An analysis of HSBs based on detected ECBs on the five studied species is shown in Fig. 2. HSB rates were different per homologous HSA-chromosomes and species. E.g. HSA3 had much more HSBs than similar sized HSA1 and HSA2 chromosomes. The overall tendency is that the number of ECBs decreased with the size of the human chromosomes. Overall SSC had the most while CAP had the smallest number of HSBs compared to HSA.

Fig. 2

Analysis of homologous syntenic block and evolutionary conserved breakpoints (ECBs) on the five studied species. A: The linkage map shows homologous syntenic blocks (HSB) of HSA chromosomes 1-22 and X compared to ACA = Alouatta caraya, CAE = Chlorocebus aethiops, CAP = Cebus apella, CJA = Callithrix jacchus, HSA = Homo sapiens, SSC = Saimiri sciureus. HSB rates per chromosome and species are shown. B: The graph shows the distribution of breakpoints in five studied monkeys with respect to the human chromosomes (colored dots), and the calculated breakpoints tendency curve (lines). As expected the number of breakpoints decreased with the size of the human chromosomes. SSC had in this study compared to HSA the most ECBs, CAP the smallest number of ECBs.

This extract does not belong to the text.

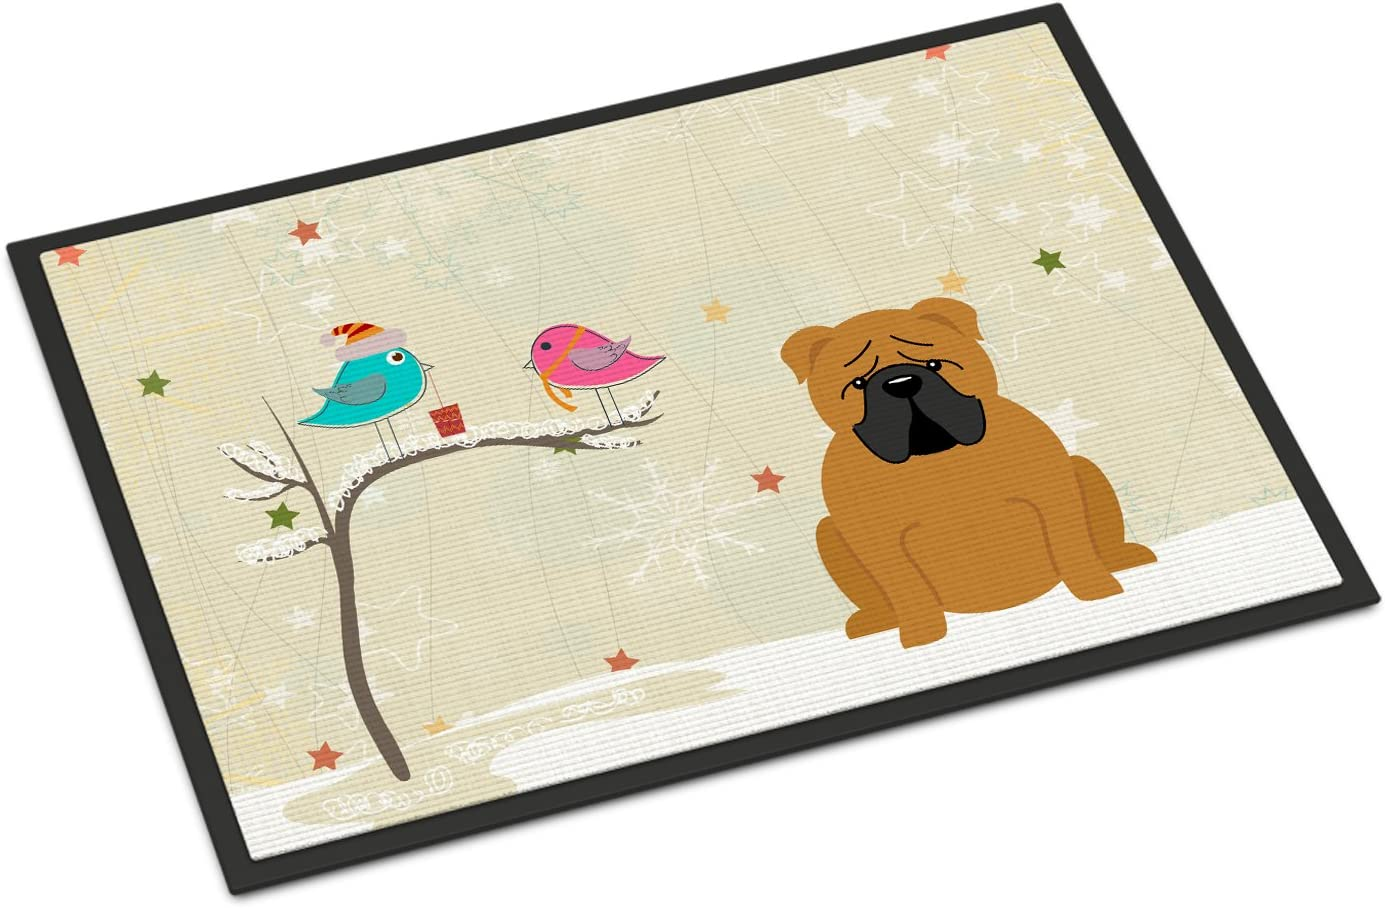 Carolines Treasures Christmas Carolers Manchester Terrier Floor Mat 19 x 27 Multicolor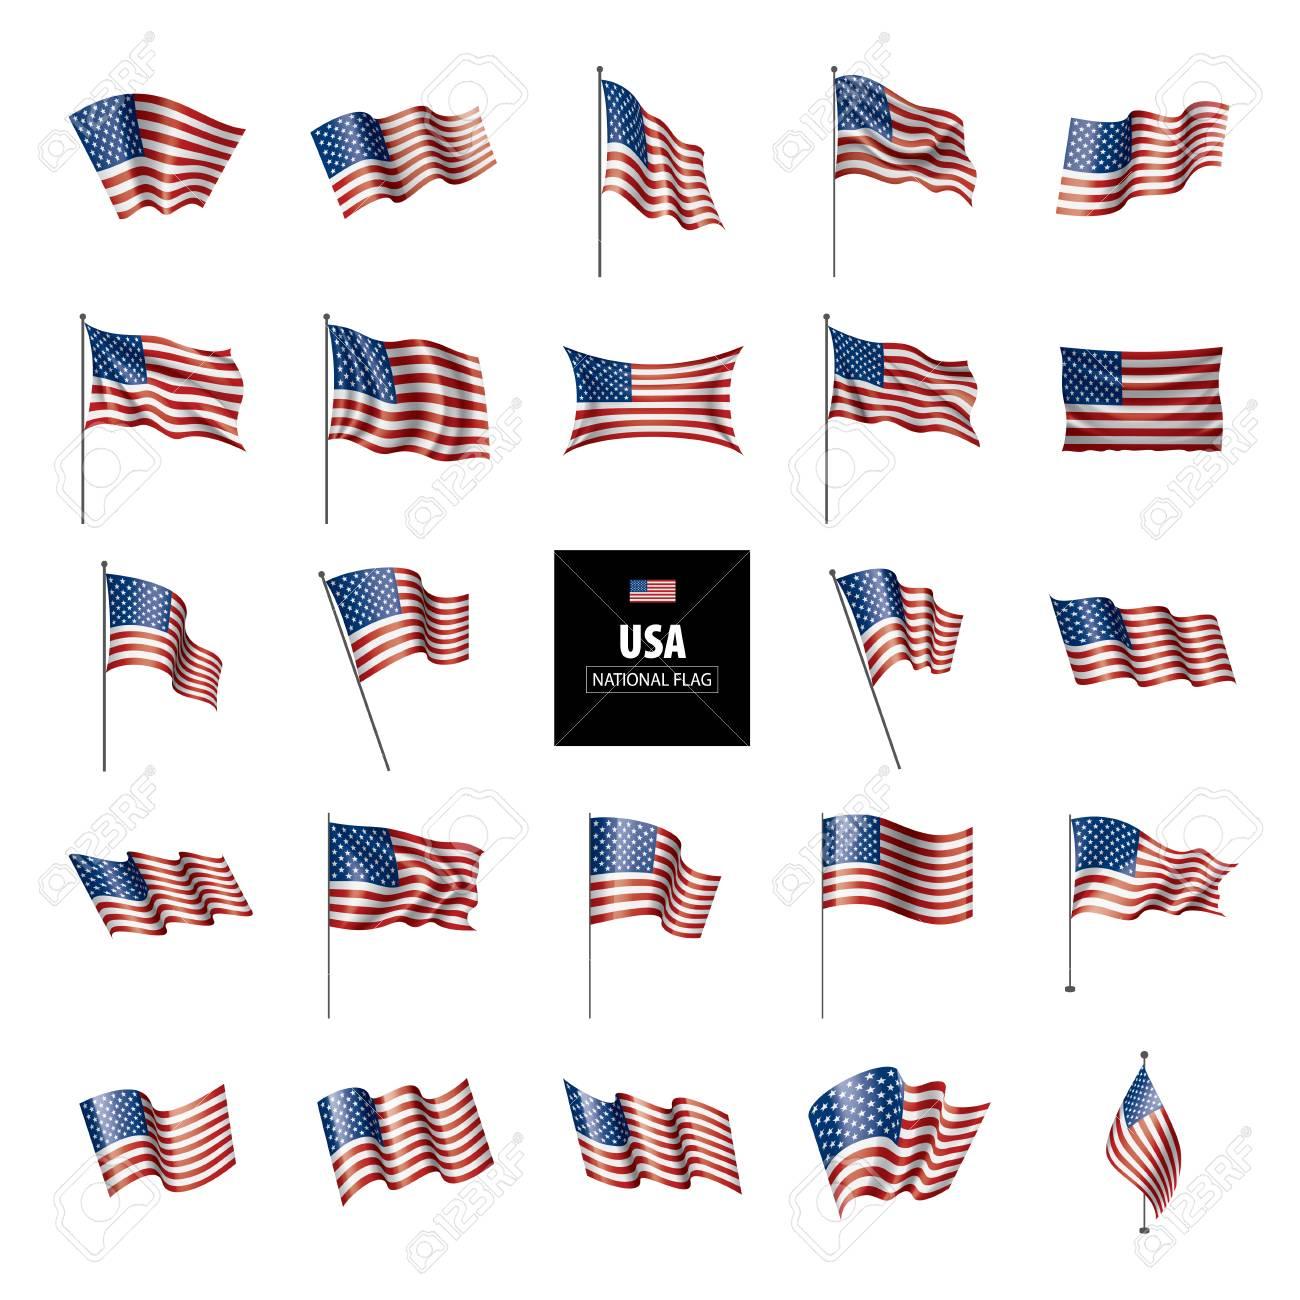 USA flag, vector illustration on a white background - 105843762

The ECBs of CAP, ACA, CJA, SSC and CAE from Supplementary Table S1 were further compared with ECBs in other species (Supplementary Table S2). 50.4% (54/107) NWM-ECBs were colocalized with those OWM, 62.6% (62/99) NWM-ECBs were related with those of HLA and 66.3% (71/107) NWM-ECBs corresponded with those known from other mammalians, based on Supplementary Table S2. Furthermore, human fragile sites (FS) were aligned with the ECBs found in the five studied species and interestingly 66.3% ECBs colocalized with those FS.

For Capuchin monkey (Cebus apella, CAP) 43 ECBs were identified by FISH-banding (Supplementary Table S1). Additionally there are eight conserved centromeric regions compared with human (i.e. HSA1, HSA13, HSA16, HSA19, HSA20, HSA22, HSAX). Twenty-three regions were identified as de novo centromeres: twenty presented at break/fusion points (details see the Supplementary Table S1), three in the middle of conserved chromosomal block (i.e. 4q32.1, 5q31.3, 8q21.13). The regions homologous to 15q24.1 as well as centromeric region homologous to HSA1 were used for seeding of two centromeric positions, each (Supplementary Table S1).

Howler monkey (Alouatta caraya, ACA) had 51 ECBs and interestingly, ACAX2 chromosome was delineated as der(3)(15qter→15q24.3::3q27.1→3q22.1::3p25.3→3p21.31:). Five centromeric regions remained conserved compared to human (HSA1, HSA8, HSA13, HSA19, HSAX). Twenty-seven regions were identified as de novo centromeres: twenty-three formed at break/fusion points (details see the Supplementary Table S1), four were again in the middle of conserved blocks (i.e. 4q34.1, 10p11.21, 12p13.3 and 17q23.2); the regions homologous to 2q14.3 and 15q24.1 seeded two centromeric positions (Supplementary Table S1).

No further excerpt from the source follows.